While making soap from soap seems like a confusing concept, it is actually an awesome concept. What you are doing is taking a single bar of soap (and who actually prefers using bar soap? Not this girl, that is for sure) and magically transforming it into over a gallon of liquid soap. Genius, yes?
First off, let’s give credit where credit is due. We got this “soap recipe” from The Farmer’s Next. And here are the main characters of the show:
Secondly, let’s talk about making soap. First you need to choose your bar of soap. This is an important step, not to be taken lightly. If you are making enough liquid soap to last a year (slight exaggeration. I think. I never was good at estimating) you should probably get some soap that you love the way it smells. After striking out in our quest for Mrs. Myers bar soap, we opted for a Lime Basil scent of this fancy looking soap called South of France (made on the East coast. Which I guess is probably technically south of France). We picked it up from our local Fresh and Natural store. If you don’t have a local Fresh and Natural store, don’t despair. Bar soap is actually sold pretty much everywhere. Worldwide. If you don’t live near any stores at all, still don’t despair. Just stop by the neighbors and take their bar soap.

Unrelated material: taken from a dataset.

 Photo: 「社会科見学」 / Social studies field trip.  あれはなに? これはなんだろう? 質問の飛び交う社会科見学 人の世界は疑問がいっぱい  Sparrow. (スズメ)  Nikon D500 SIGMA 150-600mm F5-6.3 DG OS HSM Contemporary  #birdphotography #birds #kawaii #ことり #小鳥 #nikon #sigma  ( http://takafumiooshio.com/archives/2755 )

Now add a gallon of water and 2 tablespoons of glycerin to your pot. Put the pot on your stove over medium high heat. Stir. When the soap dissolves, turn off the heat and trust that your soapy looking water will magically transform itself into liquid soap in the next 10-12 hours as it cools.
We considered setting our alarms for 3am to see the finished product. Ok, that is a lie. We joked about it, but did not actually consider this a valid option. Bonus: in the meantime, your house will smell super clean. Like lime basil. Unless you chose a different scent. Then it will smell like that scent instead.

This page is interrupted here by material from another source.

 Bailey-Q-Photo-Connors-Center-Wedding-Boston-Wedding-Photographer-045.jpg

After work the next day, I came how to discover that the soap was now a strange consistency – not fully liquid, not fully solid. One of science’s more profound mysteries. I used my hand mixer to whip it back into soapy condition, then funneled it into storage containers.
After a week of washing my hands with this soap, I am happy to report my hands are a clean success story. The only tricky part is that the soap, according to the Farmer’s Nest, is a “snot-like consistency” which is a gross way of saying that it doesn’t like to leave the rest of the soap and come into your hand, and so you need to kind of pinch it off, or have soap strings follow your hands from the soap dispenser to the running water. But if that is your biggest problem, it is worth it, considering how much money you are saving by not purchasing bottles of soap, and how many awesome points you earn by being able to say, “oh, that soap? Yeah, I made it. kind of.”